The air base hosts the Basa Air Base Hospital is one of the primary medical facilities of the Philippine Air Force. It also has a ground base flight simulator for pilots training to use the FA-50PH light fighter jet.

It also hosts a chapel, known as the Our Lady of Loretto Chapel, which was founded in 1949 with St. Michael the Archangel as patron. Originally located at the flight line, it was transferred to its present location in 1956. It was renovated in 1984 after sustaining heavy damage from a 1983 typhoon. It was rededicated to Our Lady of Loretto, and used as an evacuation center for the Mt. Pinatubo eruption victims in 1991. It was inaugurated on the 55th Founding Anniversary on August 22, 2002.

===Aircraft===
- North American P-51 Mustang (1947–1960)
- North American F-86F Sabre (1957–1980)
- Lockheed T-33 Shooting Star (1950–1990)
- Vought F-8 Crusader (1977–1988)
- Northrop F-5 Freedom Fighter (1964–2005)
- SIAI-Marchetti S.211 (1990–present)
- FA-50PH Fighting Eagle (2017–present)

==Aerobatic Teams==
In 1953, the elite Blue Diamonds Aerobatics Team was formed from the core of the 6th Tactical Fighter Squadron. Showcasing the Philippine Air Force pilot's skill and proficiency in flying, the team quickly gained nationwide recognition.
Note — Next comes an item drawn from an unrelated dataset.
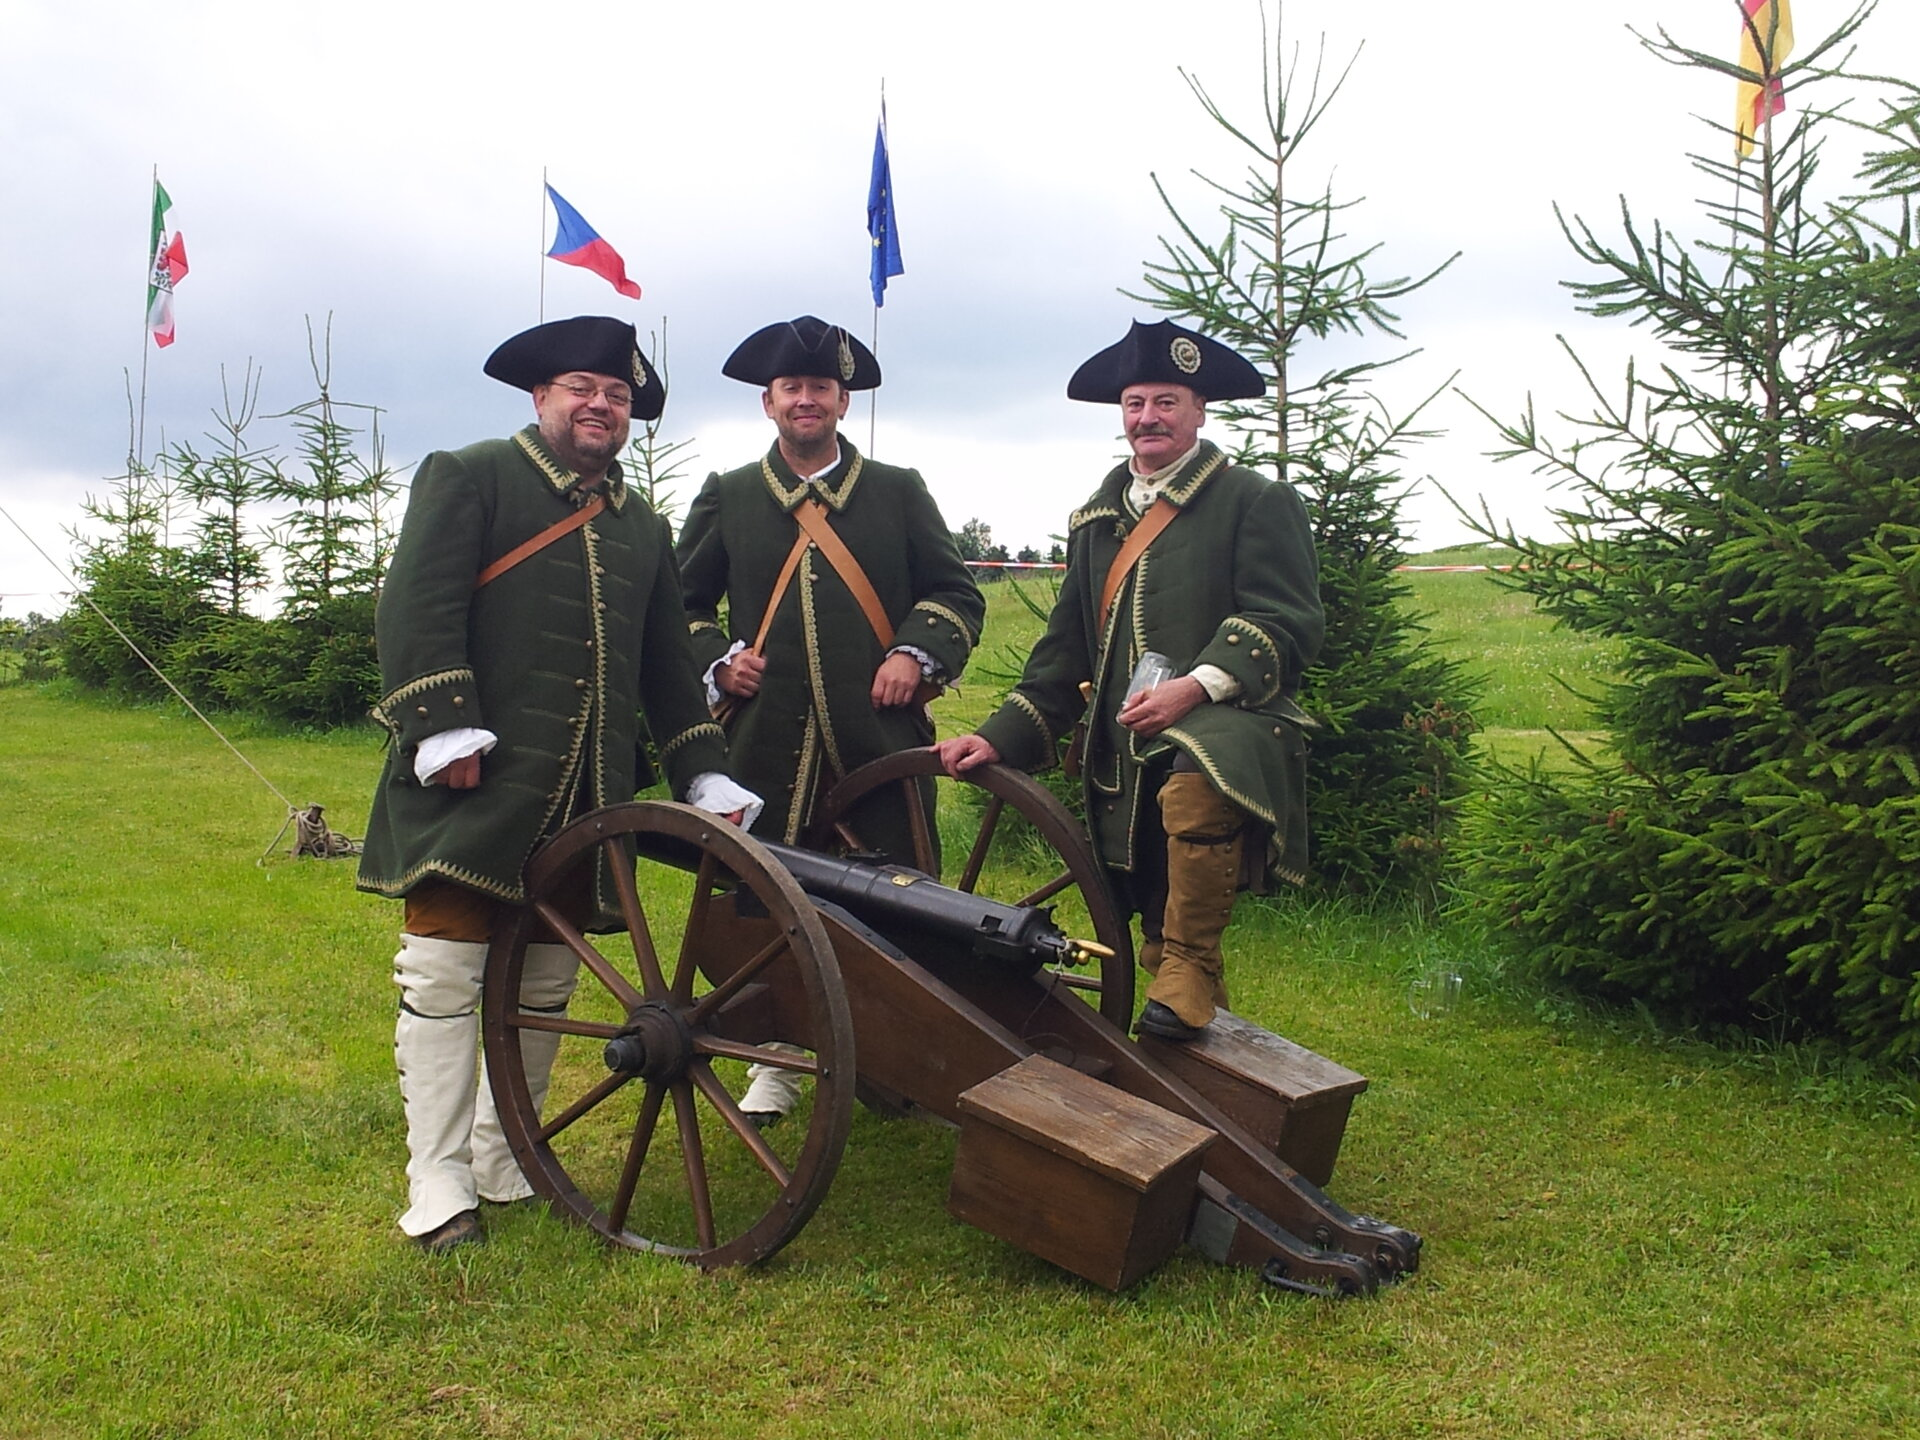 Historische_Uniformen

In 1971, two other aerobatics teams: the 9th Tactical Fighter Squadron's Golden Sabres, led by Lt Col Antonio M Bautista and the 7th Tactical Fighter Squadron's Red Aces, were formed. In 1974, both teams retired due to economic setbacks brought by the increase in oil prices, inflation, and the Philippine Air Force's heavy losses in its Mindanao campaigns.
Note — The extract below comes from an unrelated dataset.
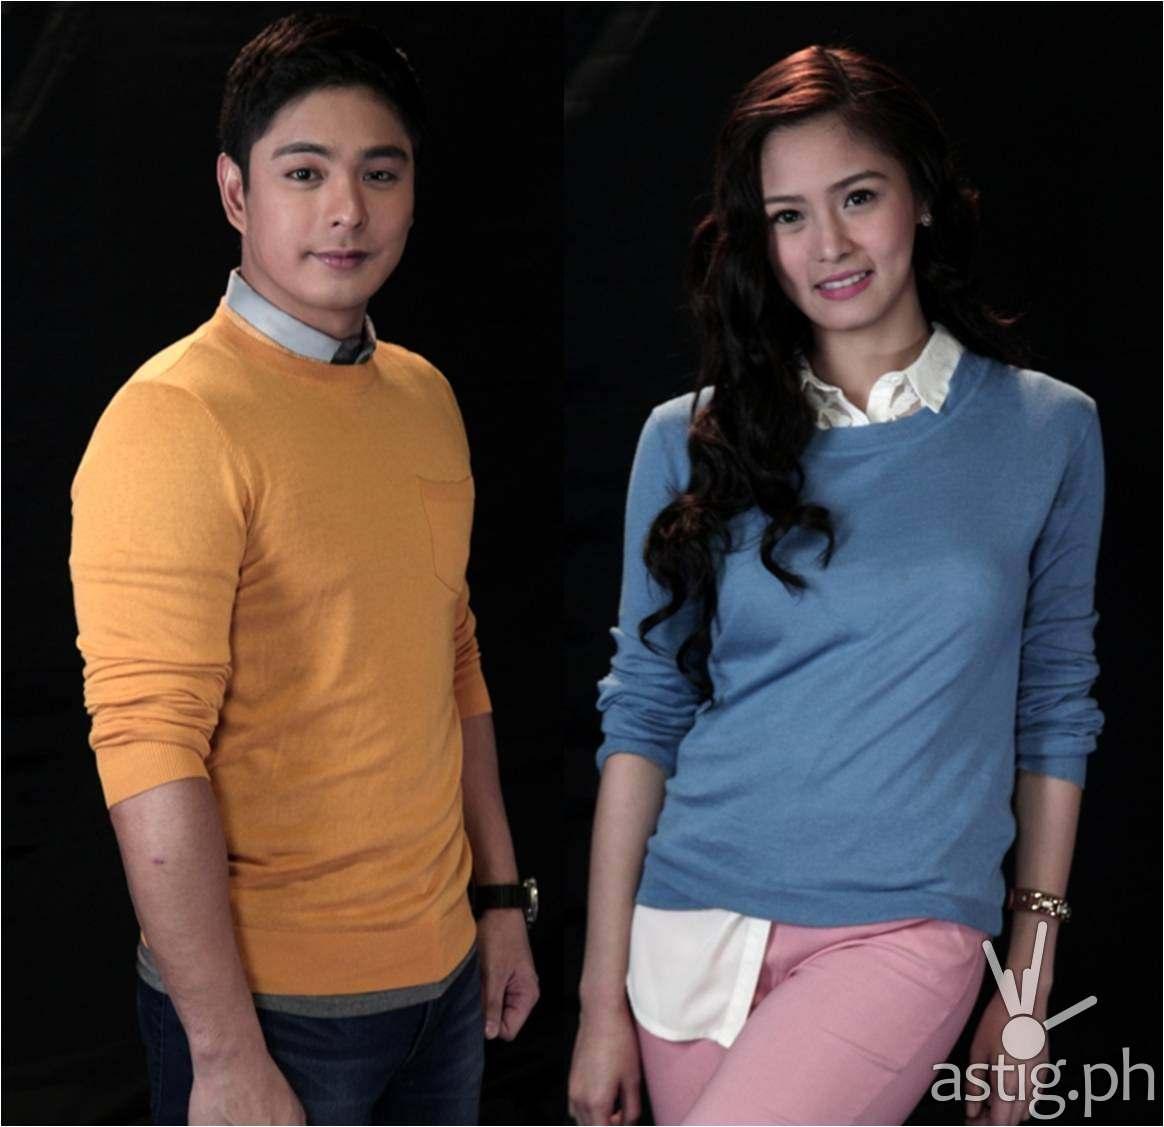 Coco Martin and Kim Chiu as Gabriel and Andrea in Ikaw Lamang

==Accidents and incidents==
- On 15 April 1971, Douglas C-47A 293246 of the Philippine Air Force crashed shortly after take-off following the failure of the starboard engine. All 40 people on board were killed. The aircraft was operating on a military flight to Manila Airport. The accident was the 2nd worst involving the DC-3 at the time, and is the 3rd worst as of 2010.